Supplied data:
*** Block opens ***

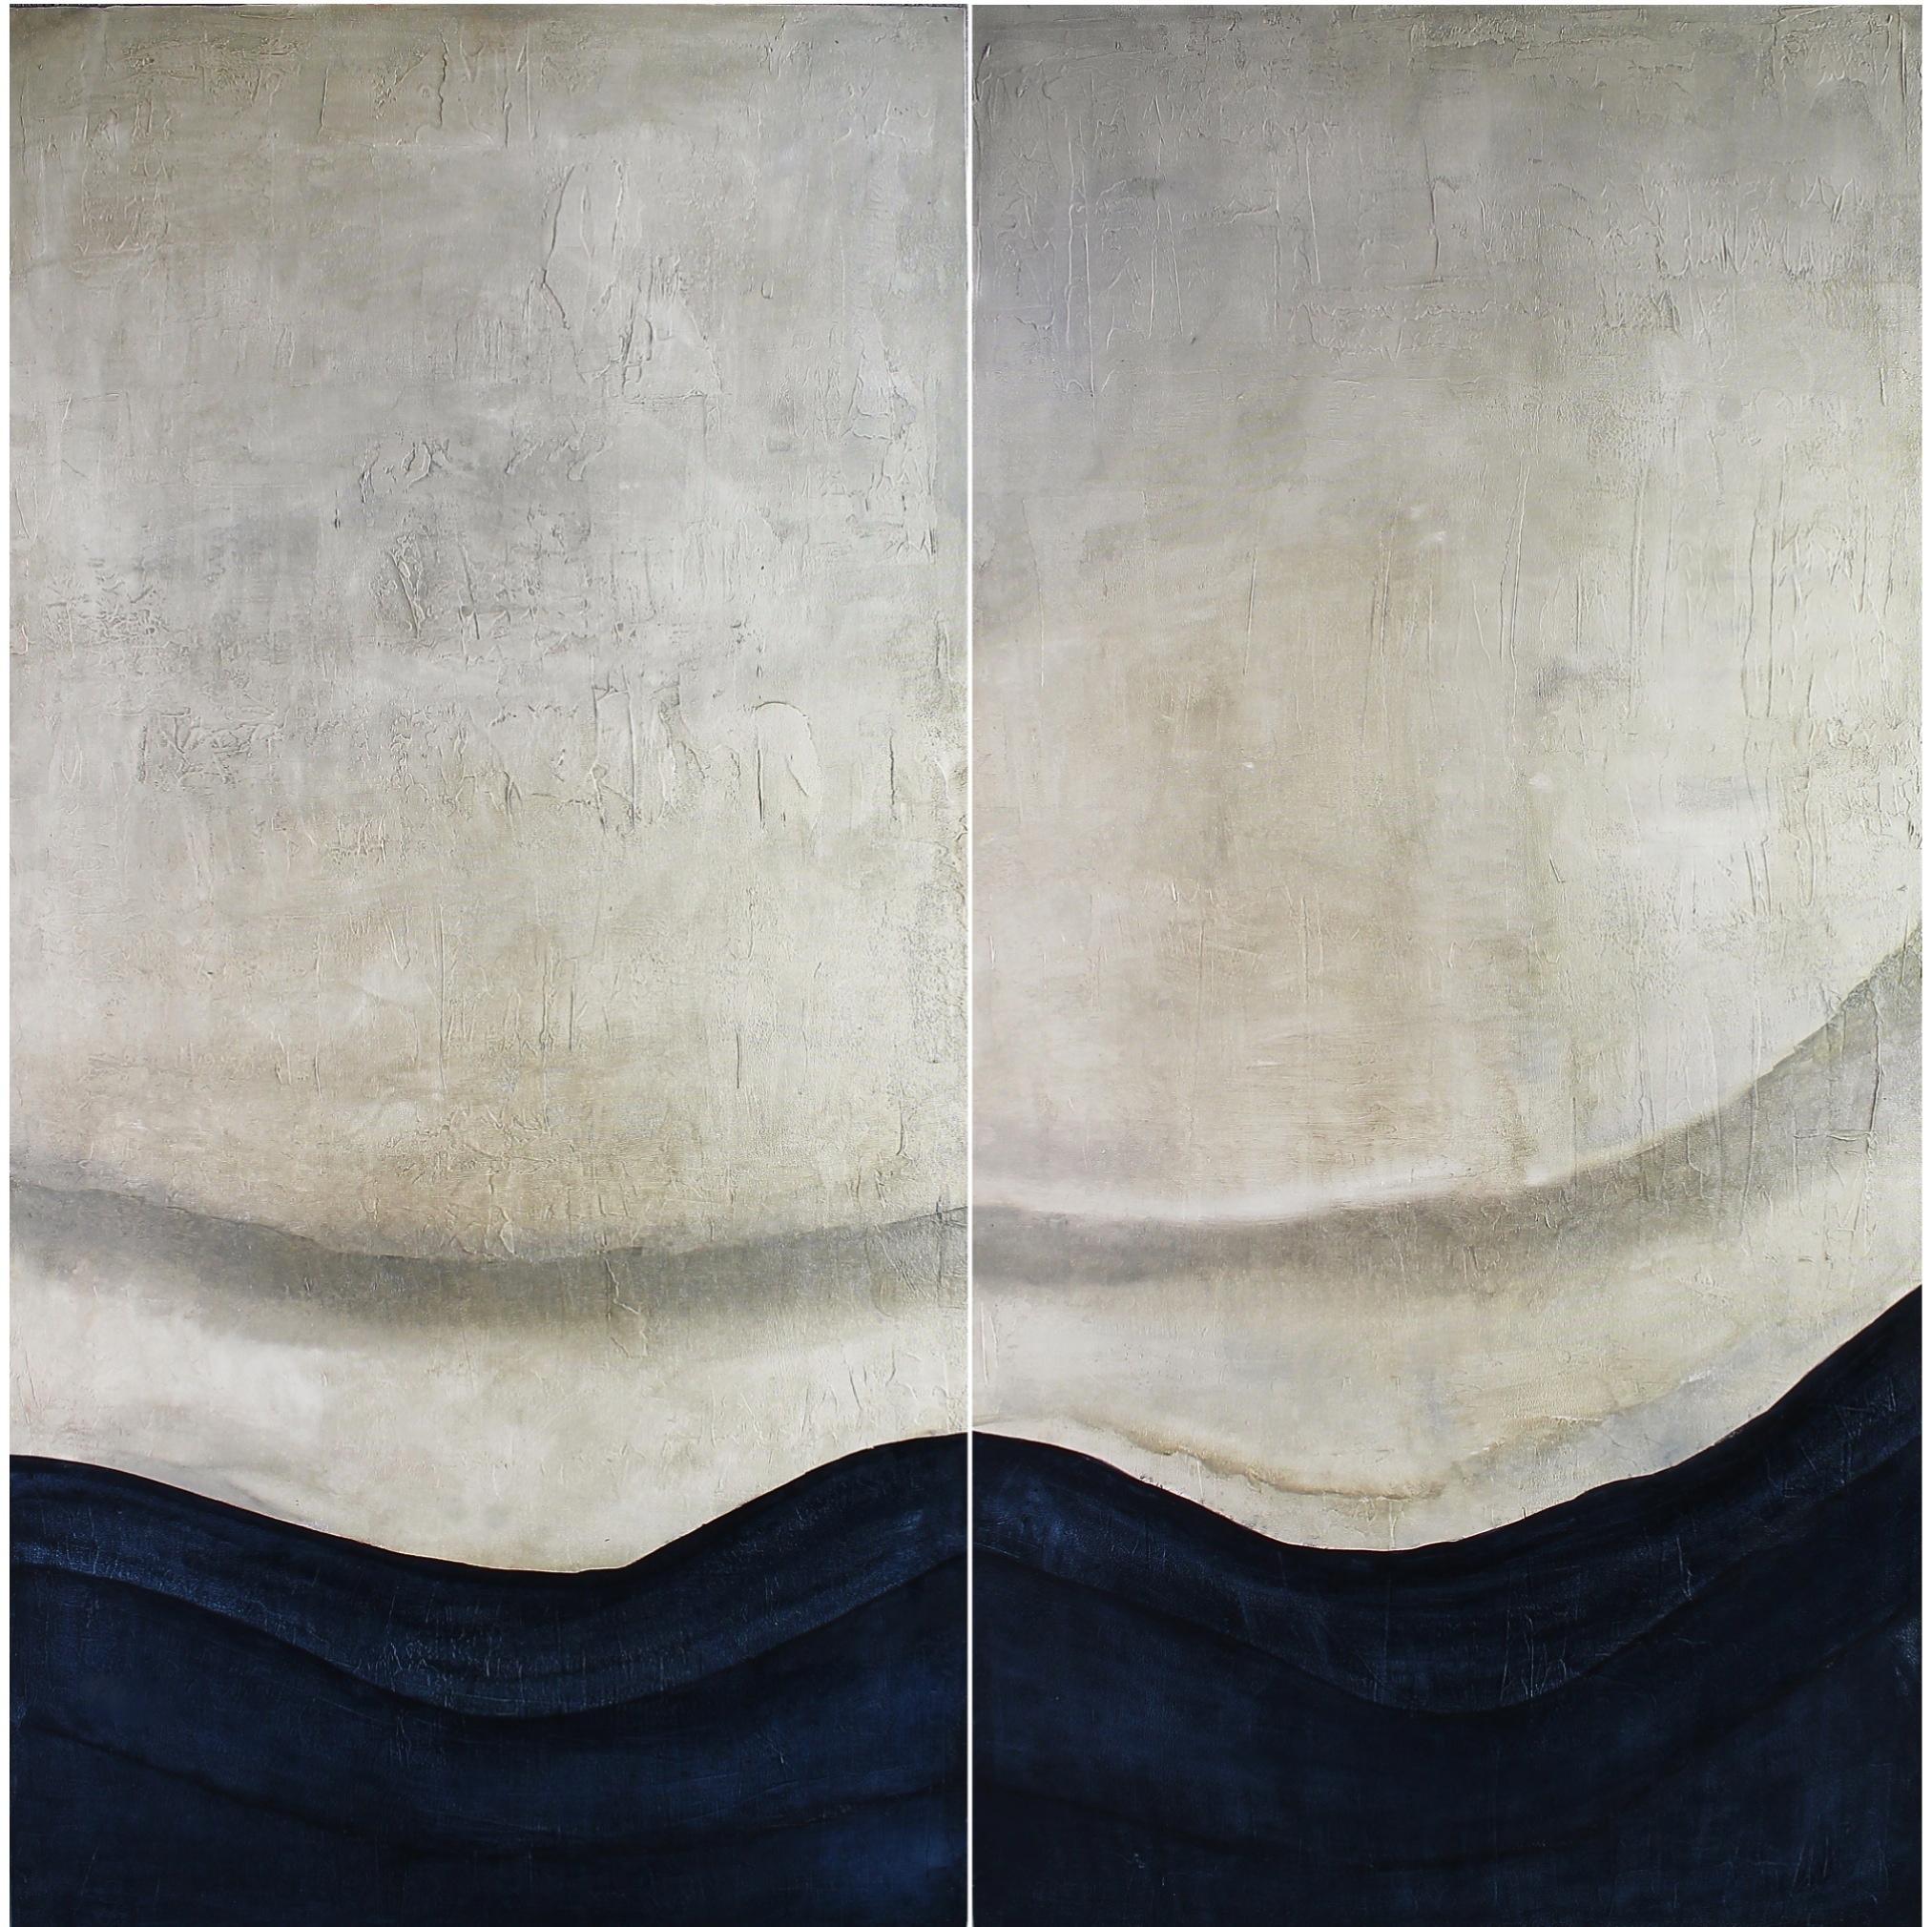 14_02 - oceano 1.jpg
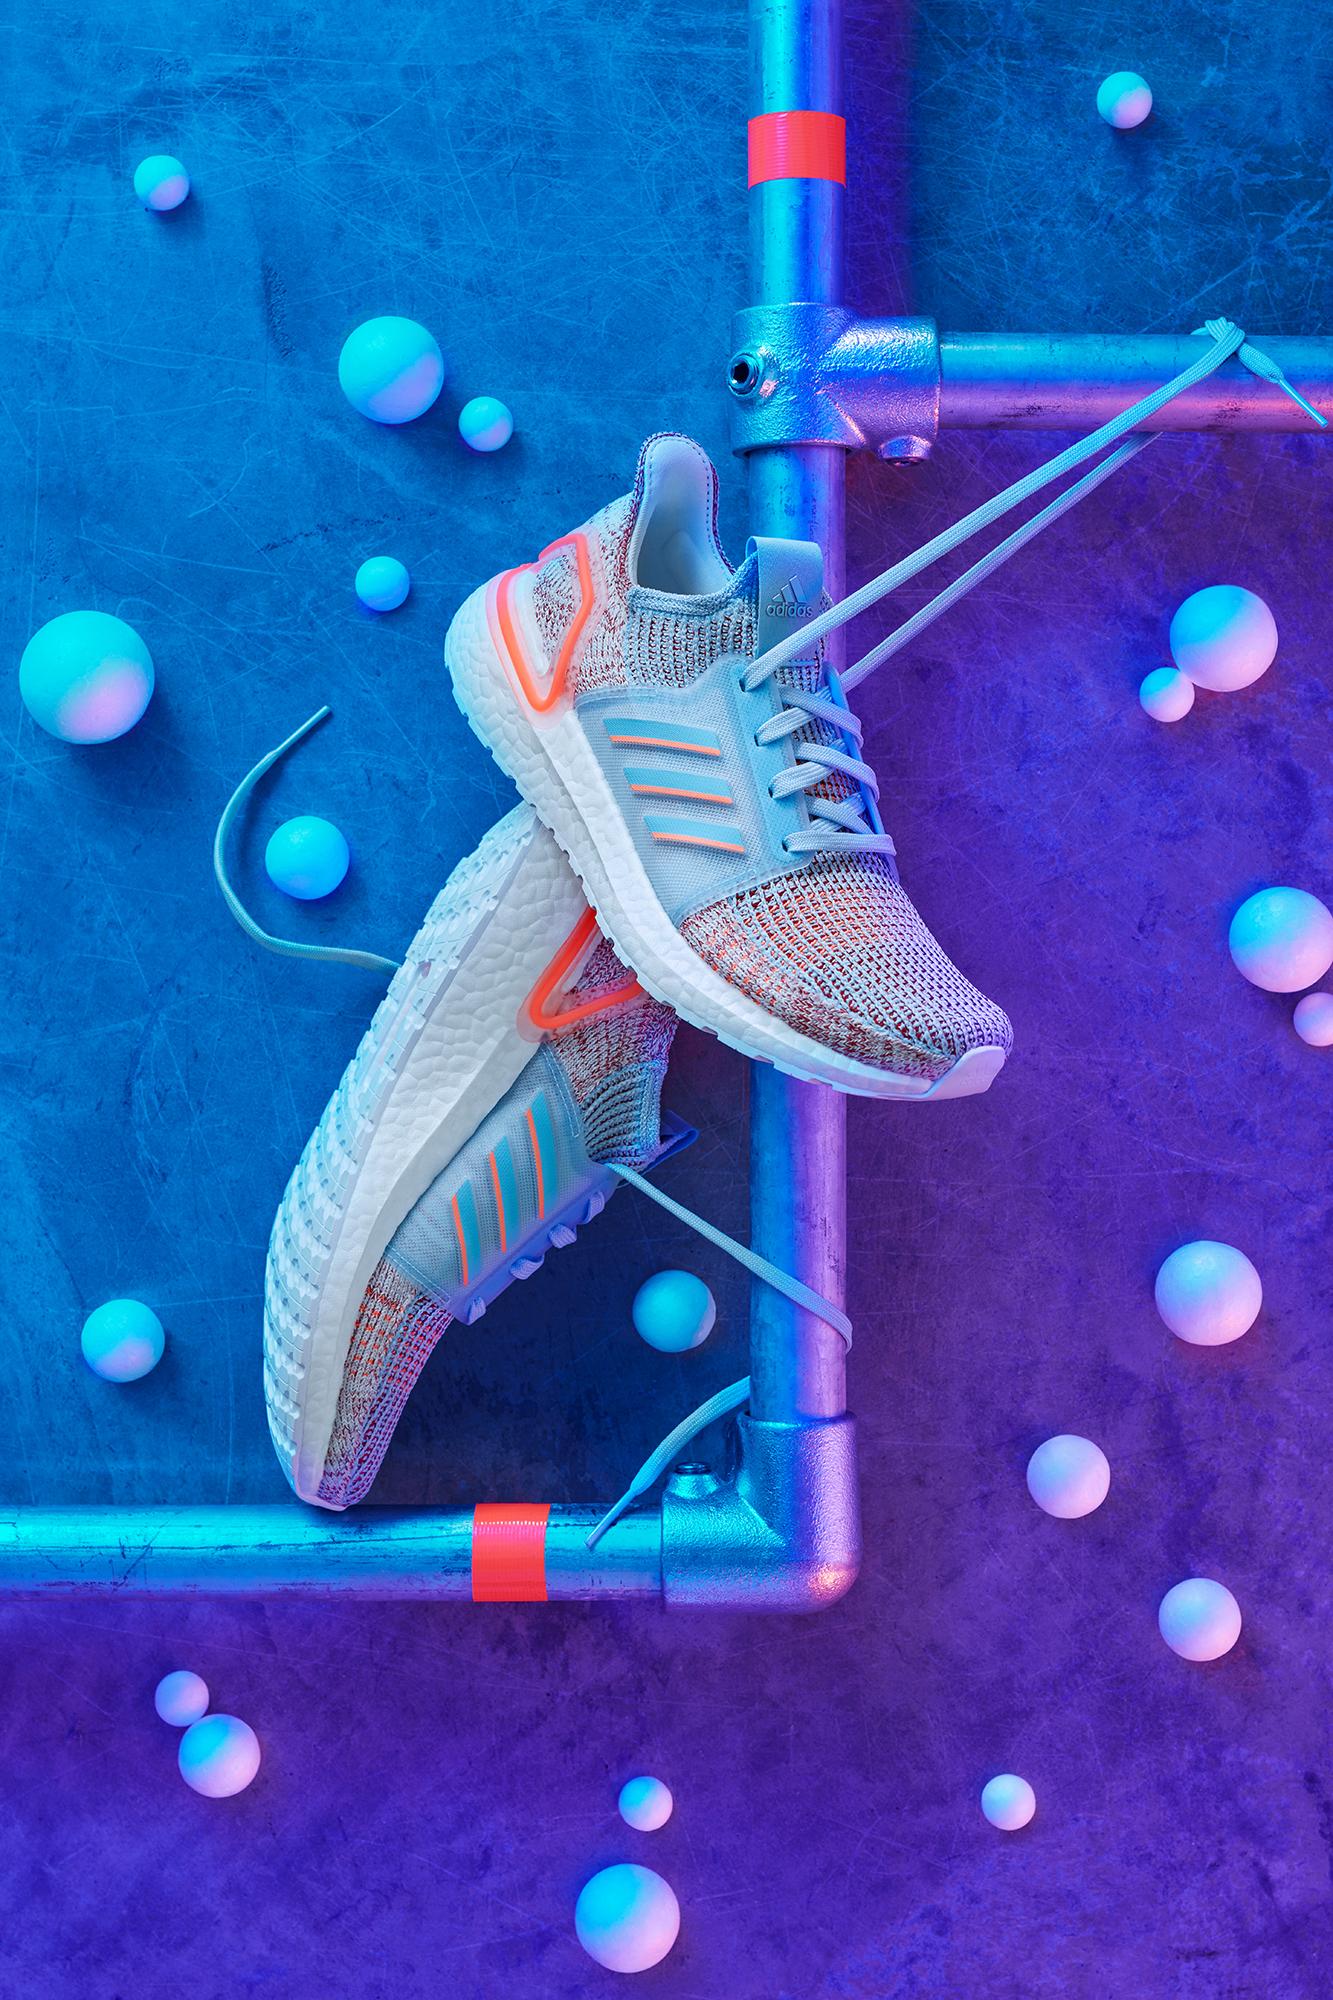 20190711_WIT_Adidas_Shot_1_V2.jpg
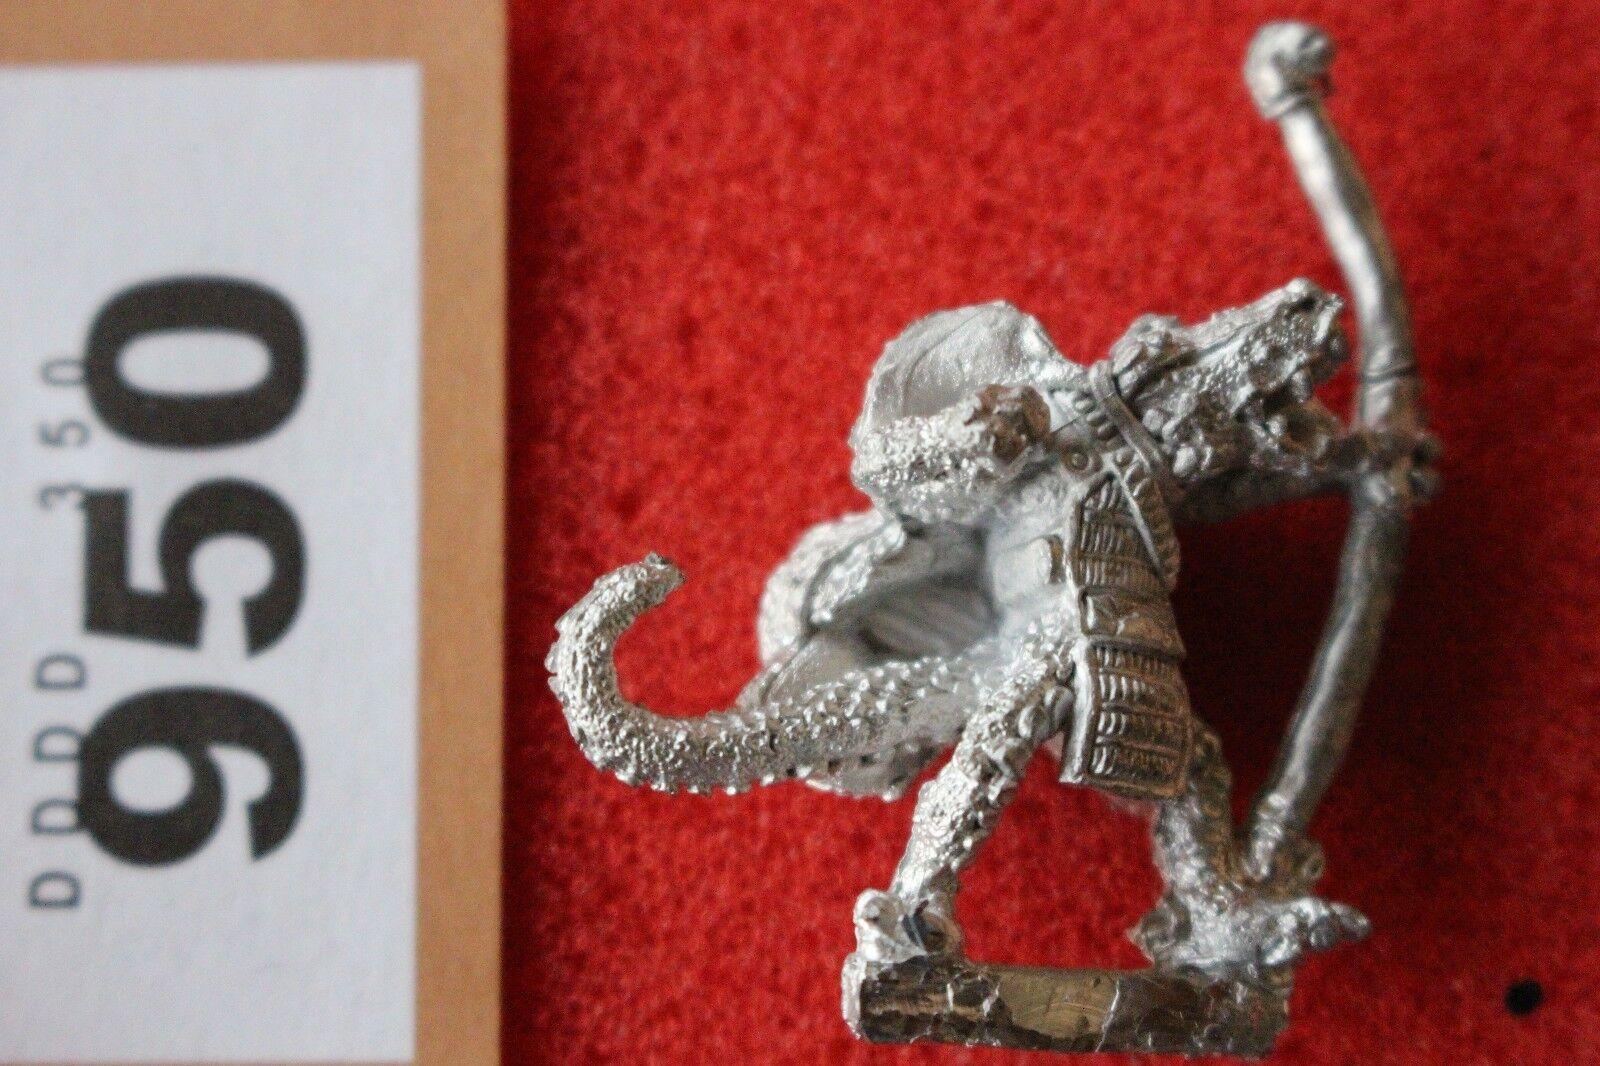 Games Workshop Citadel C19 Lizardmen Lizardman Knar Knar Knar Scarce Metal Warhammer Mint 4949d5

*** Block closes ***

Action item:
The required output is the span of lines from the line with "20190711_WIT_Adidas_Shot_1_V2.jpg" through the final line of the listing above, reproduced exactly, minus the pictures.

Solution for this problem:
 20190711_WIT_Adidas_Shot_1_V2.jpg
 Games Workshop Citadel C19 Lizardmen Lizardman Knar Knar Knar Scarce Metal Warhammer Mint 4949d5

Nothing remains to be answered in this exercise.